### Required action
The listing is to be printed word for word, pictures omitted.

### Provided data
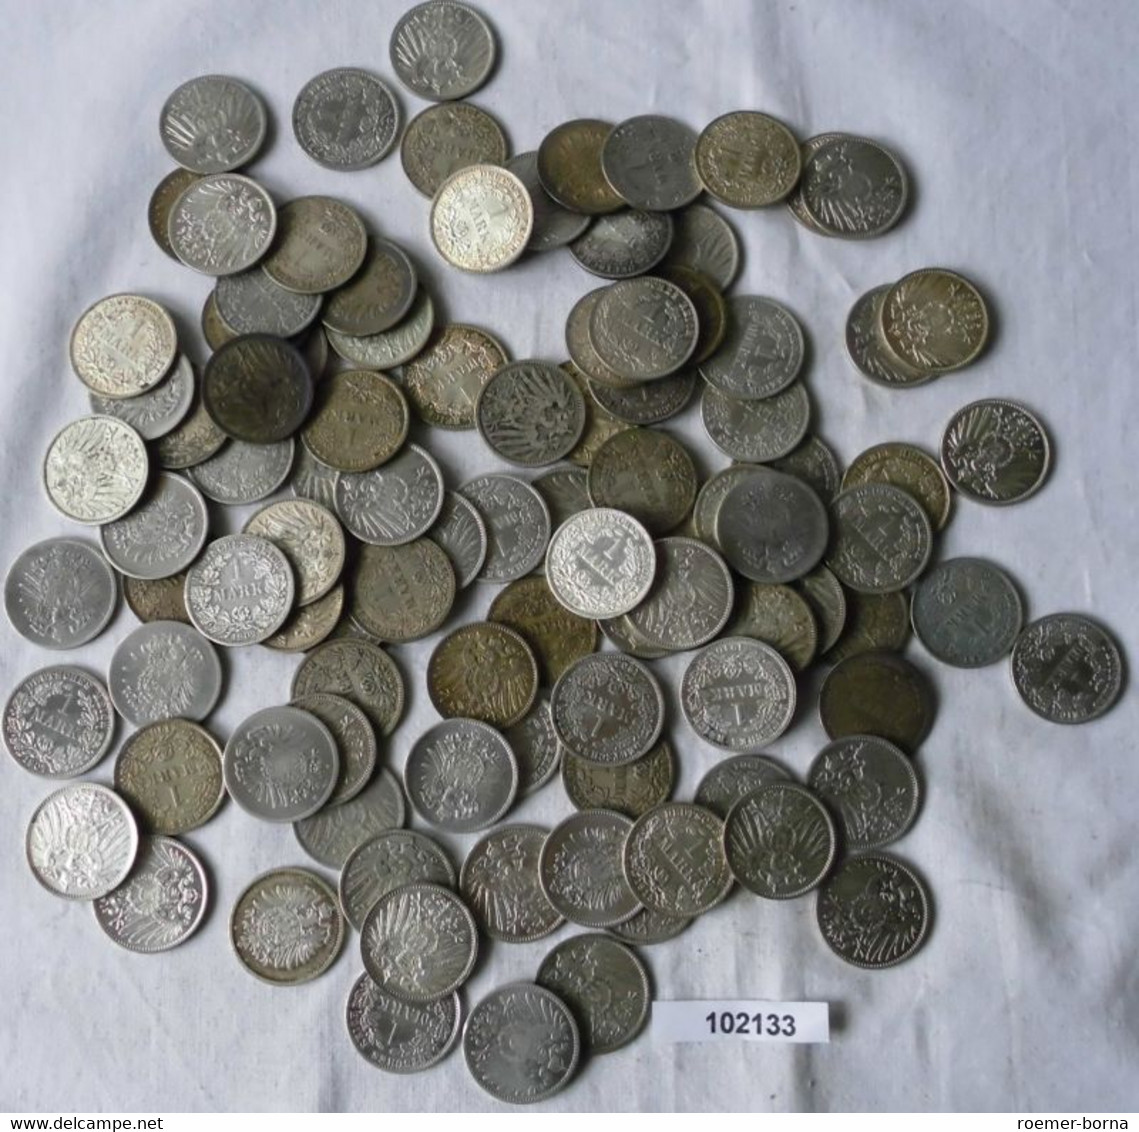 Seltene Sammlung 100 Silbermünzen 1 Mark Deutsches Reich Kaiserreich (102133) - Mezclas - Monedas
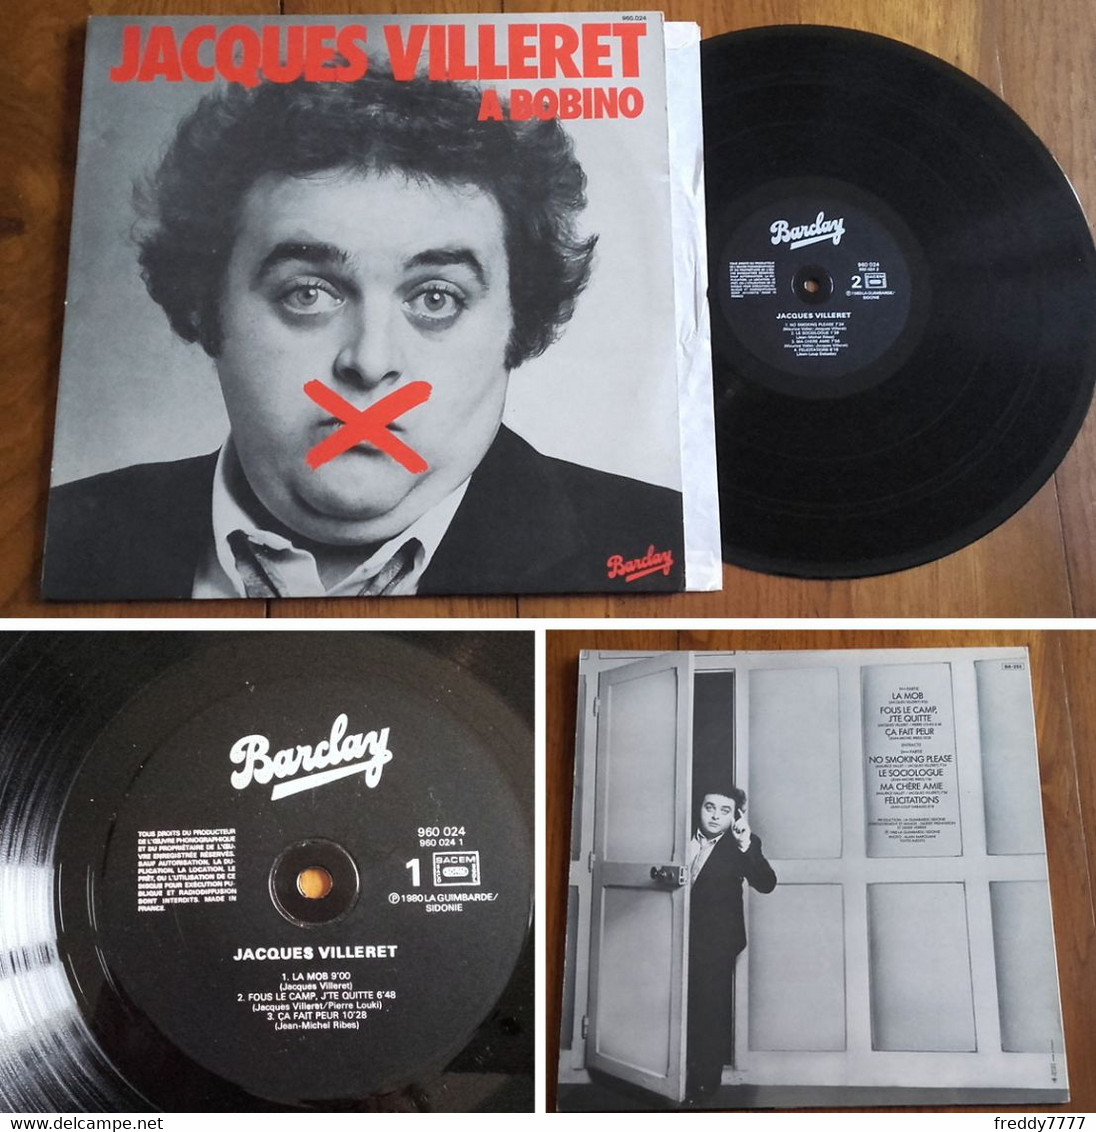 RARE French LP 33t RPM (12") JACQUES VILLERET à BOBINO (1980) - Collectors
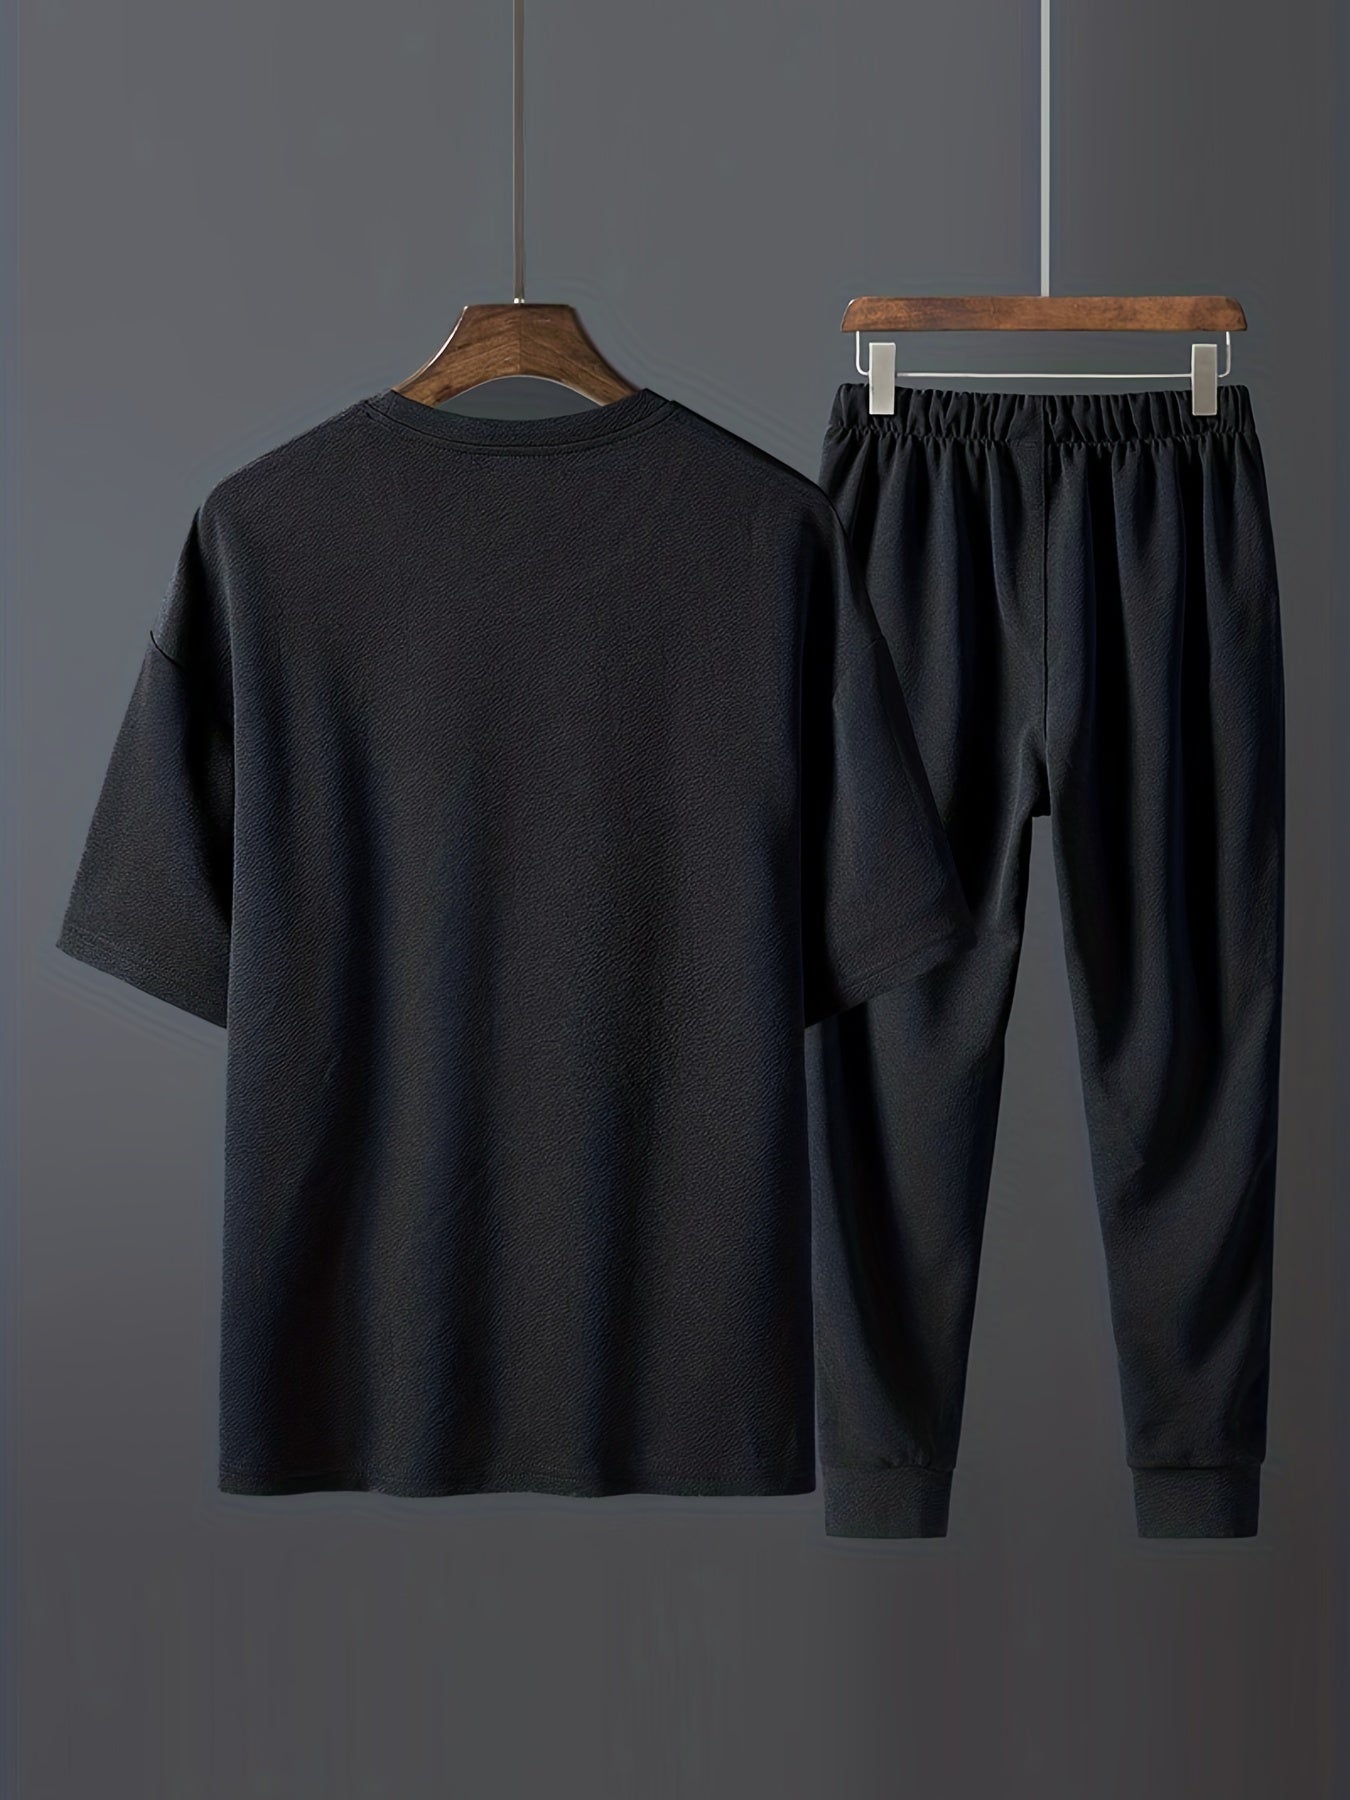 Men's 2Pcs, Casual Loose T-shirt And Comfy Drawstring Jogger Pants Set

### Response area
 Seltene Sammlung 100 Silbermünzen 1 Mark Deutsches Reich Kaiserreich (102133) - Mezclas - Monedas
 RARE French LP 33t RPM (12") JACQUES VILLERET à BOBINO (1980) - Collectors
 Men's 2Pcs, Casual Loose T-shirt And Comfy Drawstring Jogger Pants Set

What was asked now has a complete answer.